┌─ SUPPLIED INFORMATION
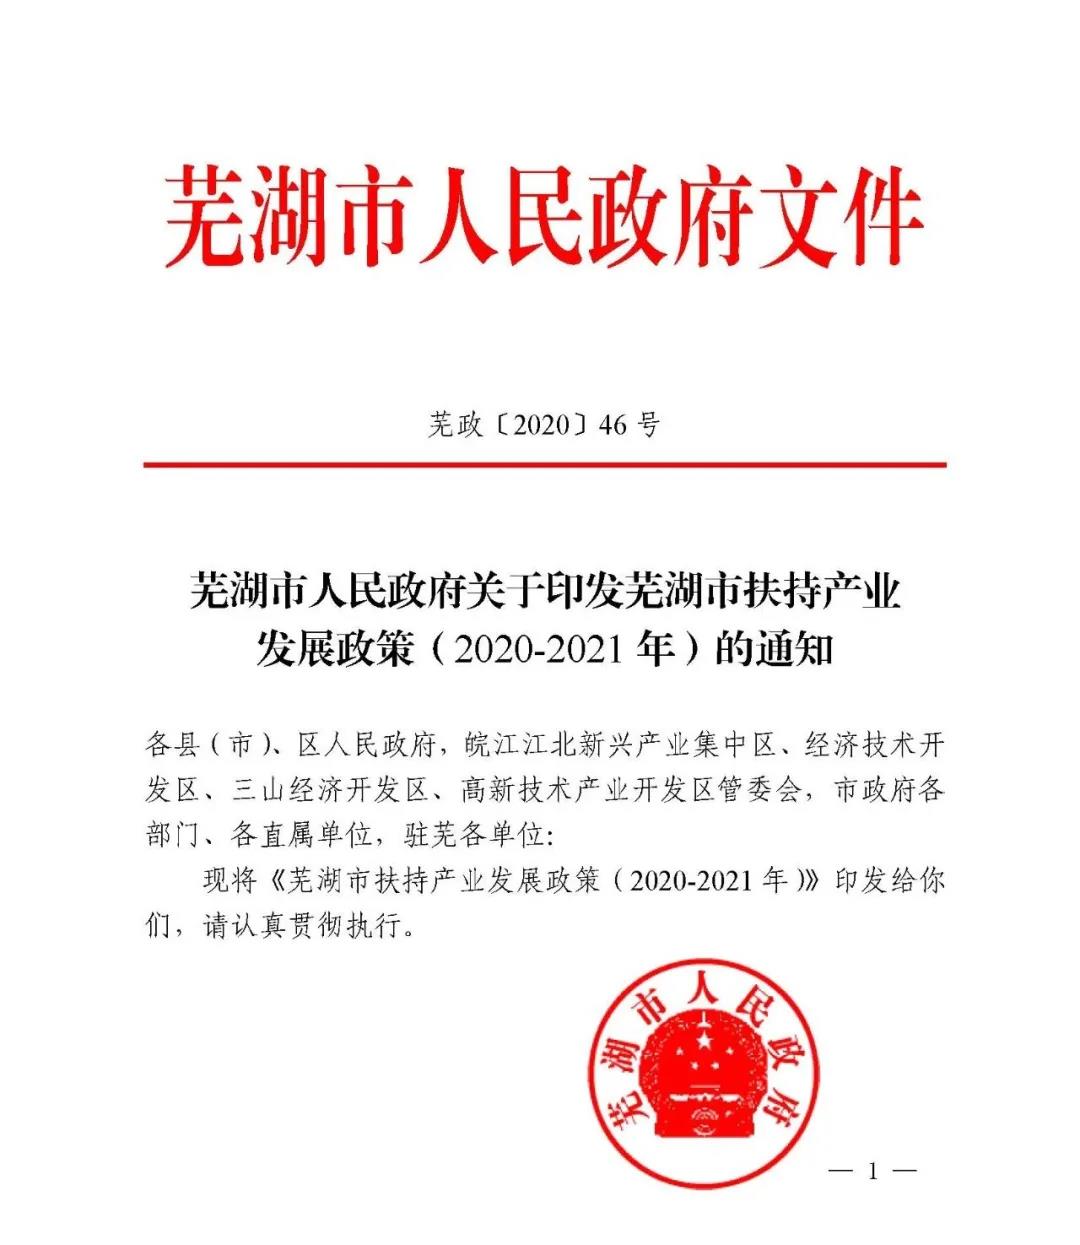 【芜湖市人民政府】芜湖市扶持产业发展政策（2020-2021年）印发
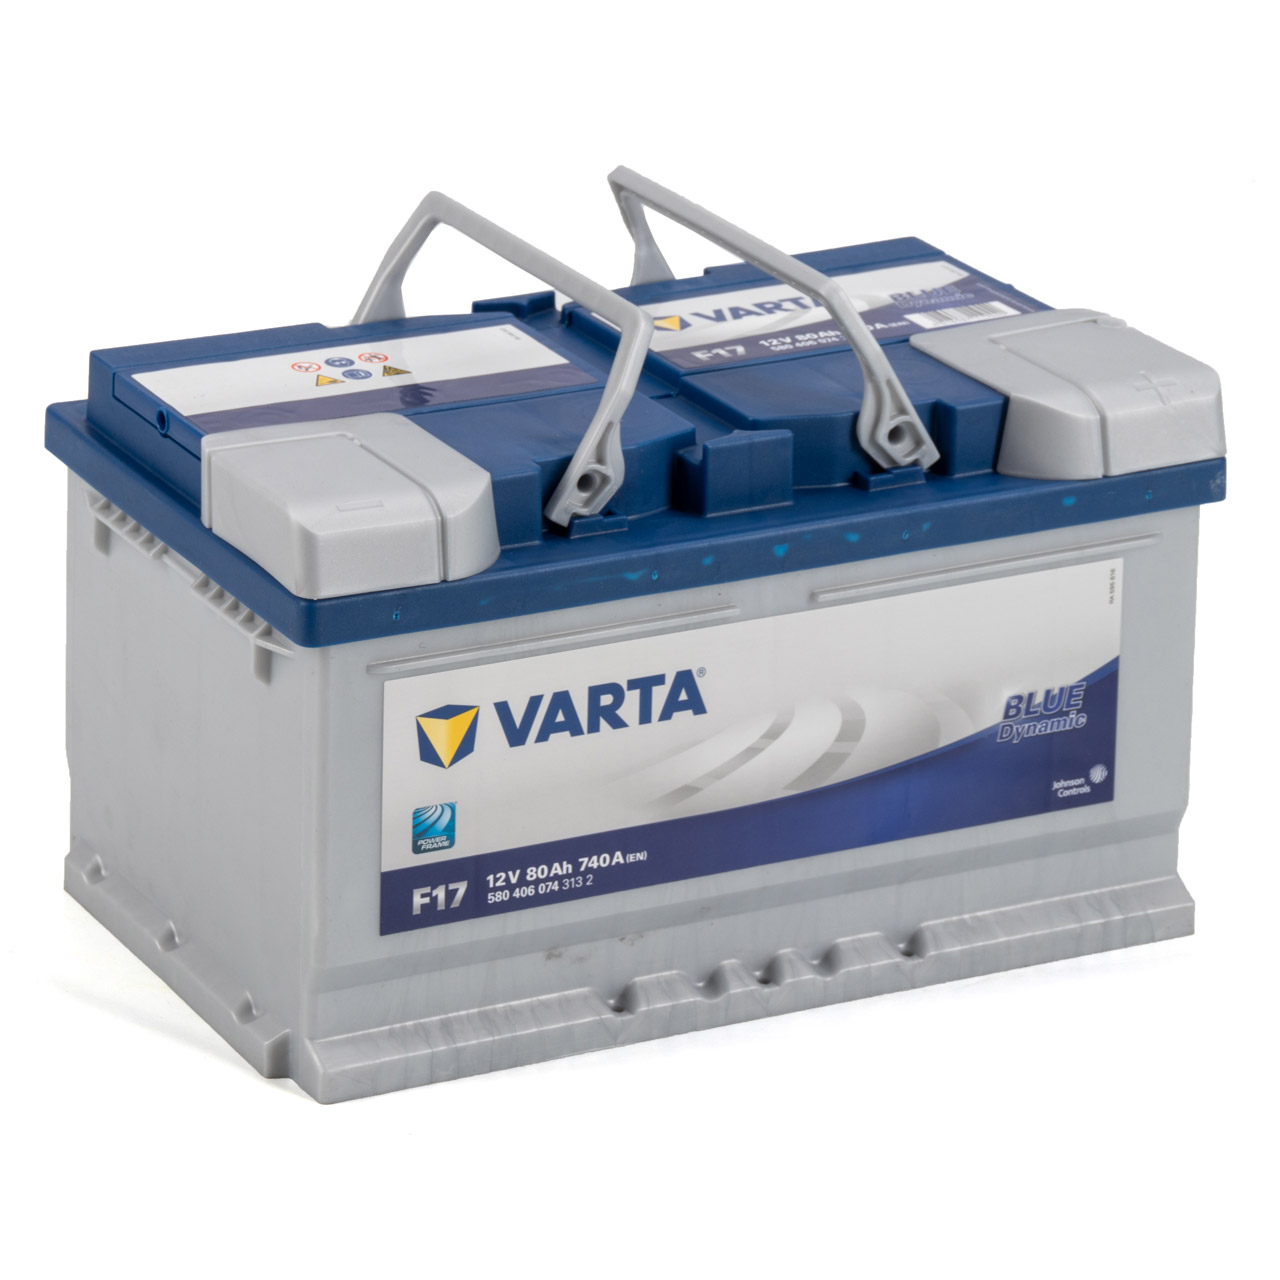 VARTA BLUE dynamic F17 Autobatterie Batterie Starterbatterie 12V
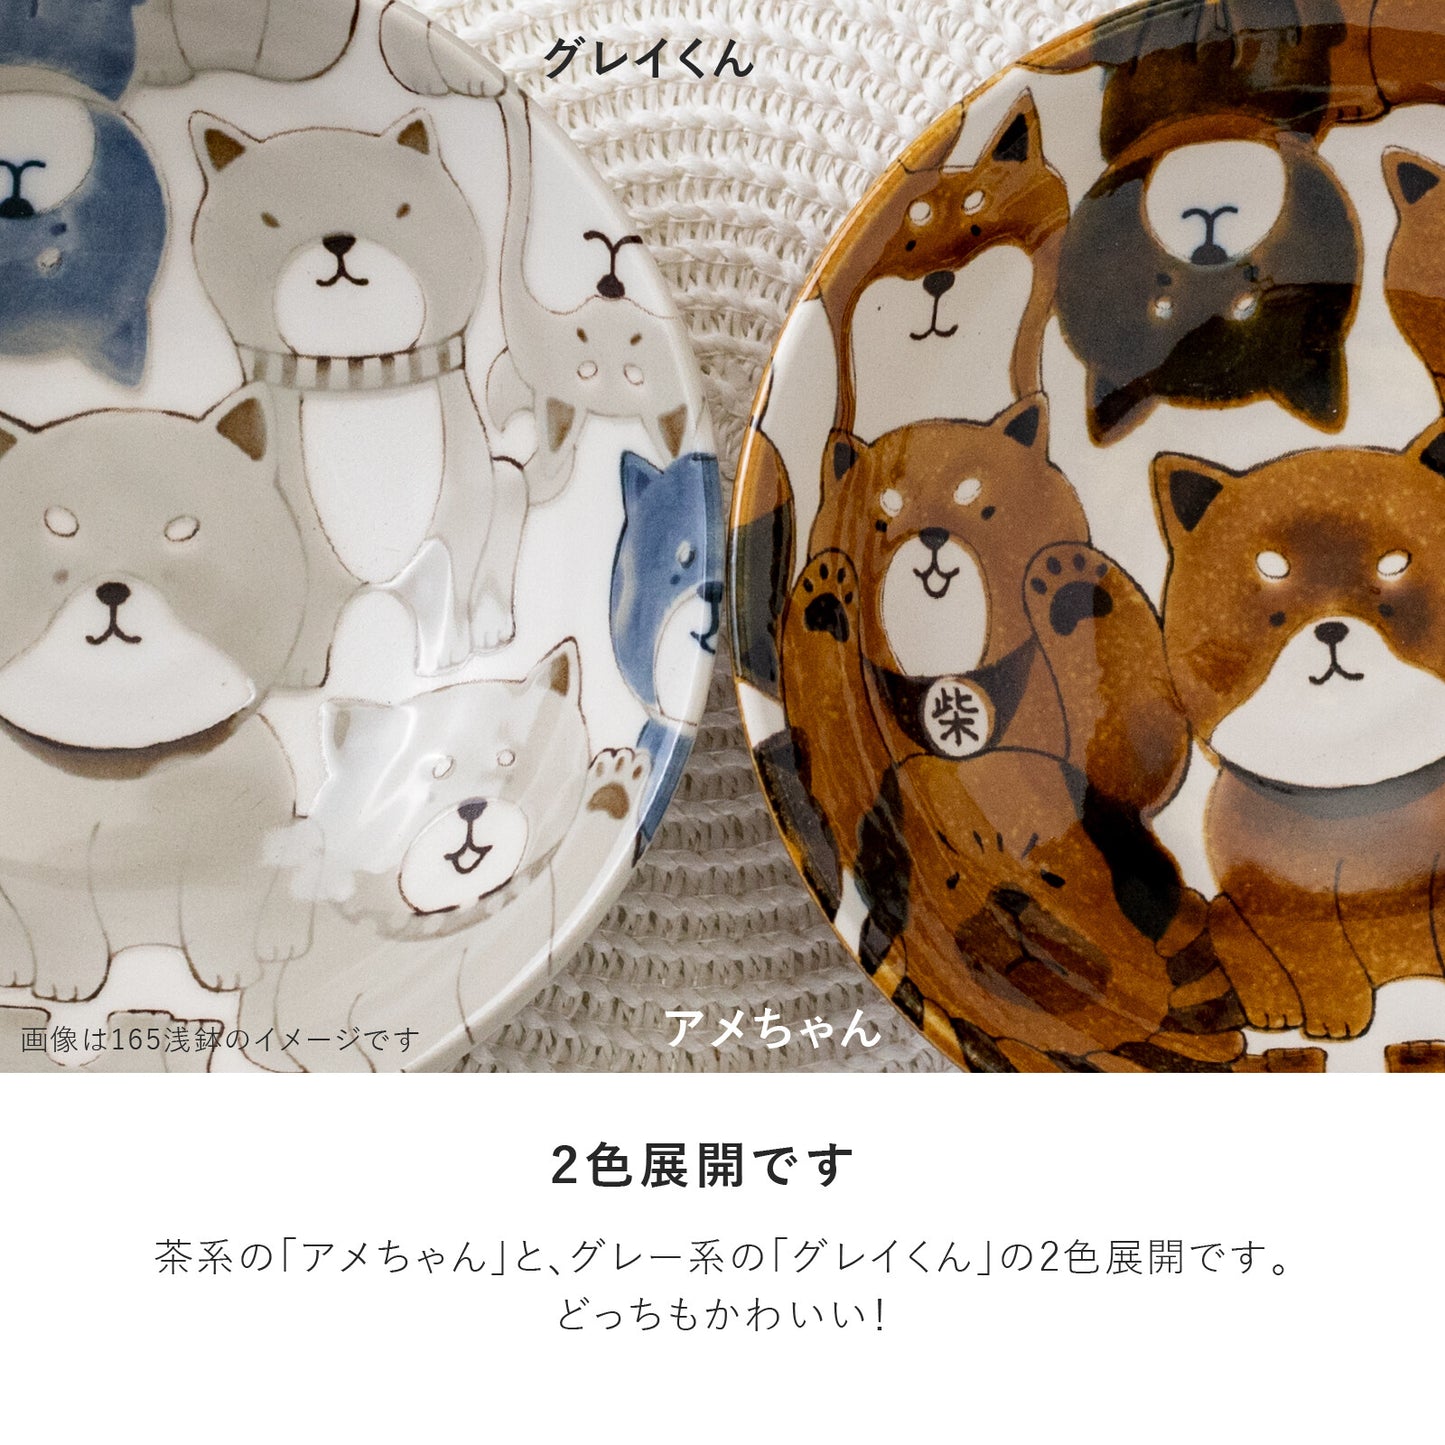 【預購】日本製 わんわん 柴犬陶瓷大碗碟兩色選 (23.5cm)
└─
ASSIGNED TASK: The lines from the one that contains "VARTA BLUE dynamic" through the end of the data, repeated exactly and with no pictures, make up the whole answer.

ANSWER BOX:
 VARTA BLUE dynamic F17 Autobatterie Batterie Starterbatterie 12V
 【預購】日本製 わんわん 柴犬陶瓷大碗碟兩色選 (23.5cm)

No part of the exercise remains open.